#### Provided material:
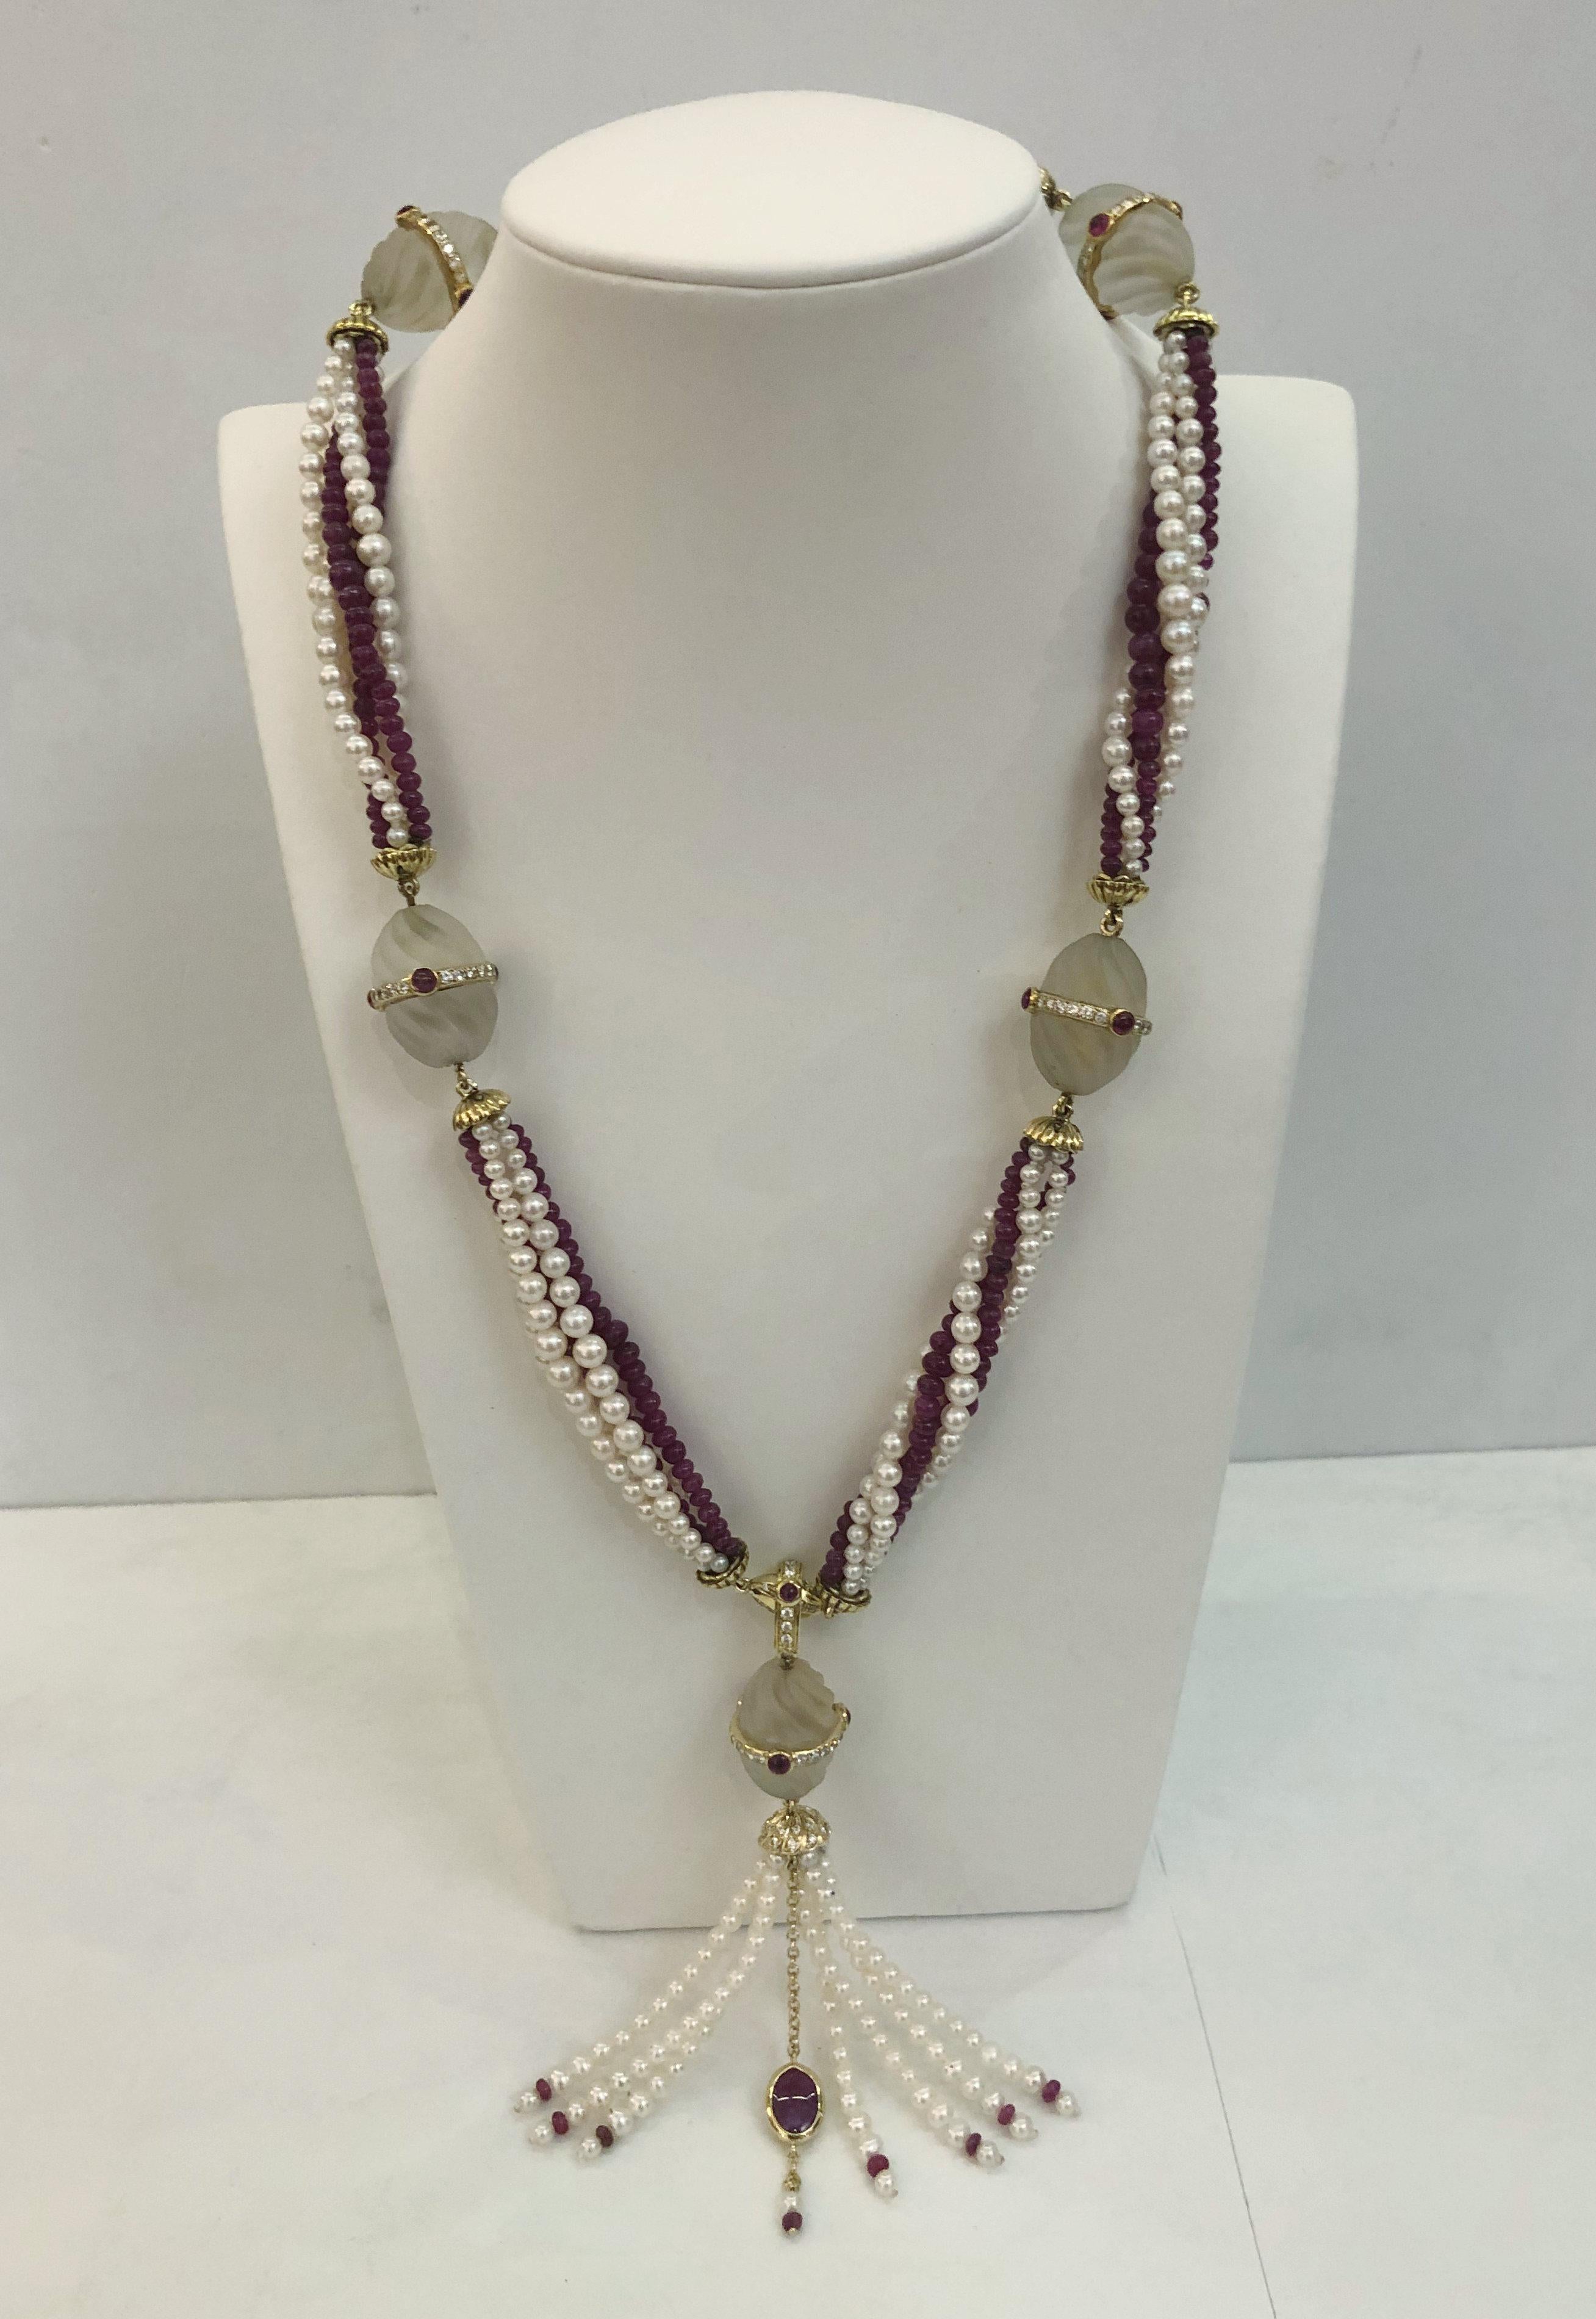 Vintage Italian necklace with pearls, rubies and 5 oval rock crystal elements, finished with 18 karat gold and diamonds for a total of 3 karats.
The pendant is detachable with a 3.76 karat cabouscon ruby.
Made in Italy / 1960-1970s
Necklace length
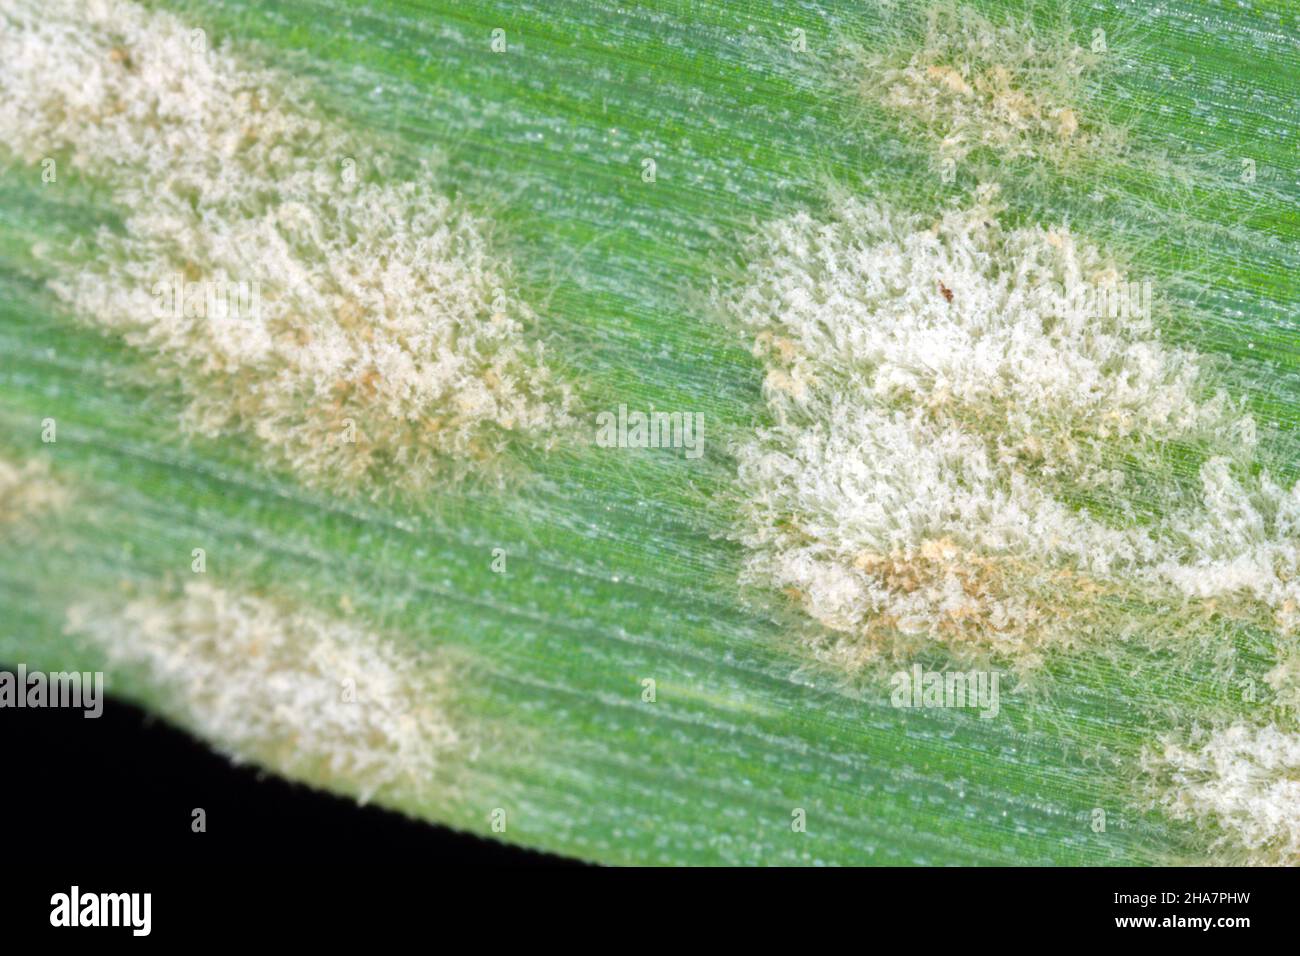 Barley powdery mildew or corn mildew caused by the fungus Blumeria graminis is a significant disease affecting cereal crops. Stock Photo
==
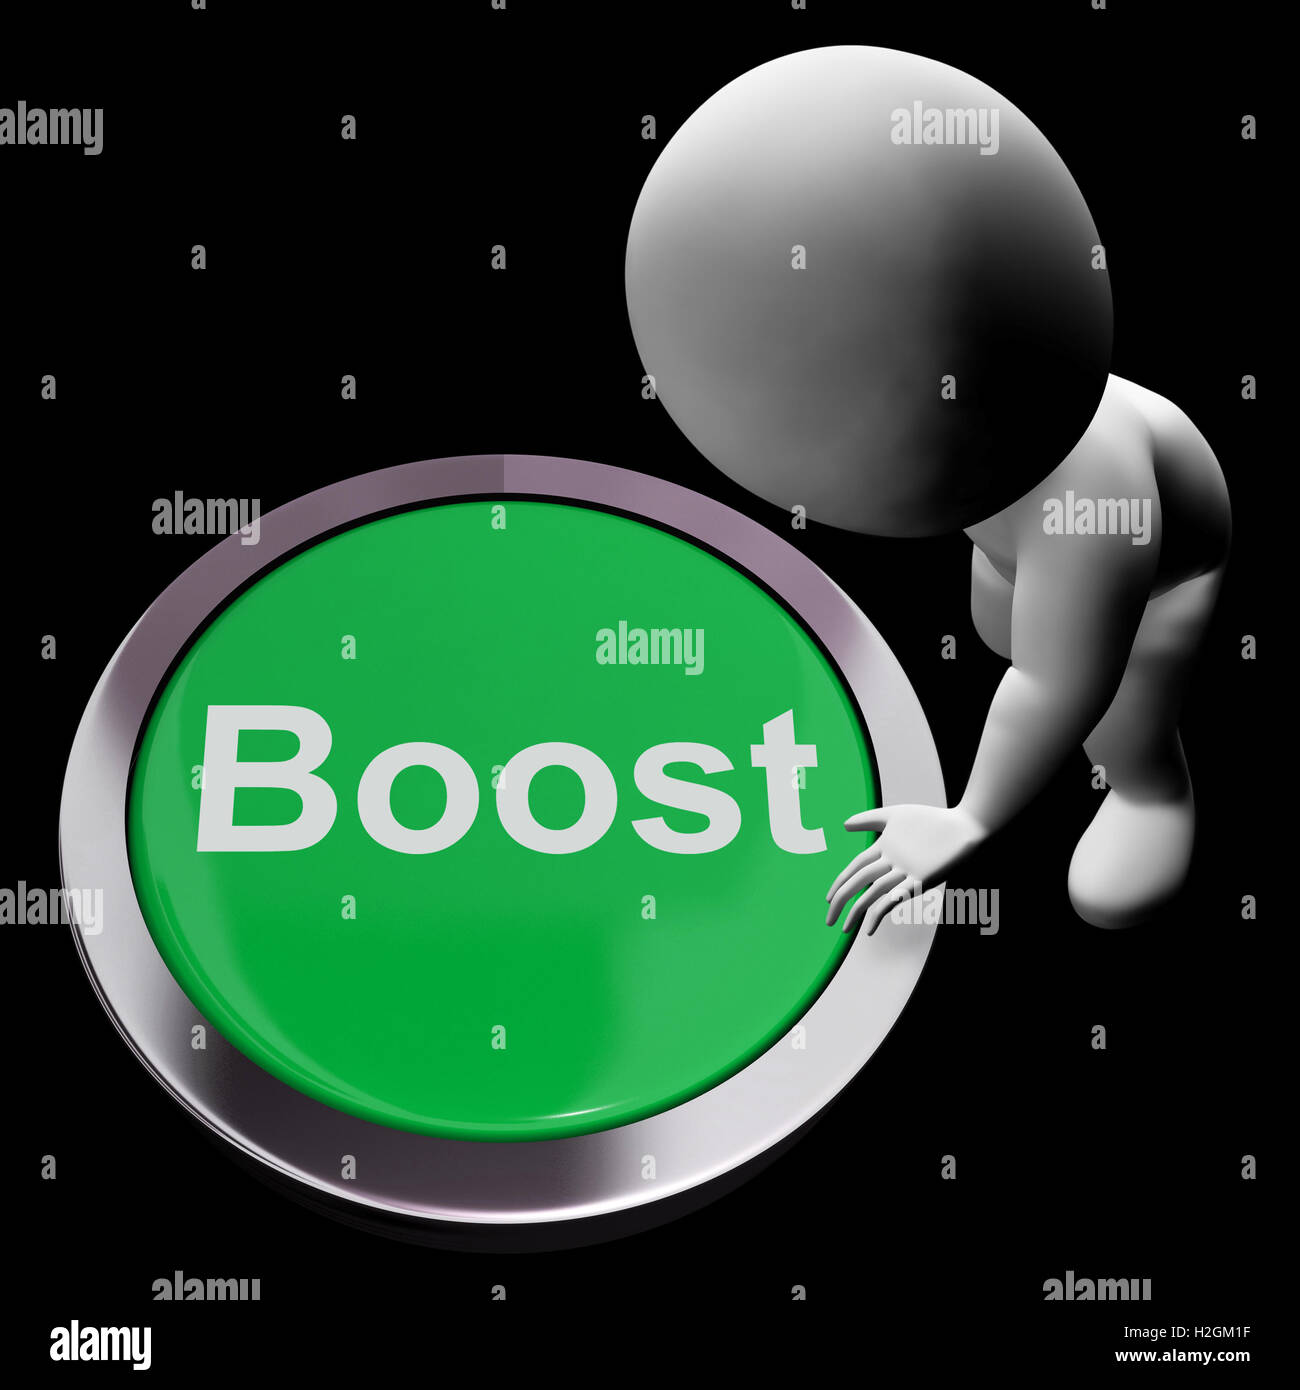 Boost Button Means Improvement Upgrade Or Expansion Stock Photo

#### Exercise:
Find the line with "Vintage Italian necklace" and the line with "Barley powdery mildew" in the records above. Copy both and all lines between them exactly, without pictures.

#### Solution below:
 Vintage Italian necklace with pearls, rubies and 5 oval rock crystal elements, finished with 18 karat gold and diamonds for a total of 3 karats.
The pendant is detachable with a 3.76 karat cabouscon ruby.
Made in Italy / 1960-1970s
Necklace length
 Barley powdery mildew or corn mildew caused by the fungus Blumeria graminis is a significant disease affecting cereal crops. Stock Photo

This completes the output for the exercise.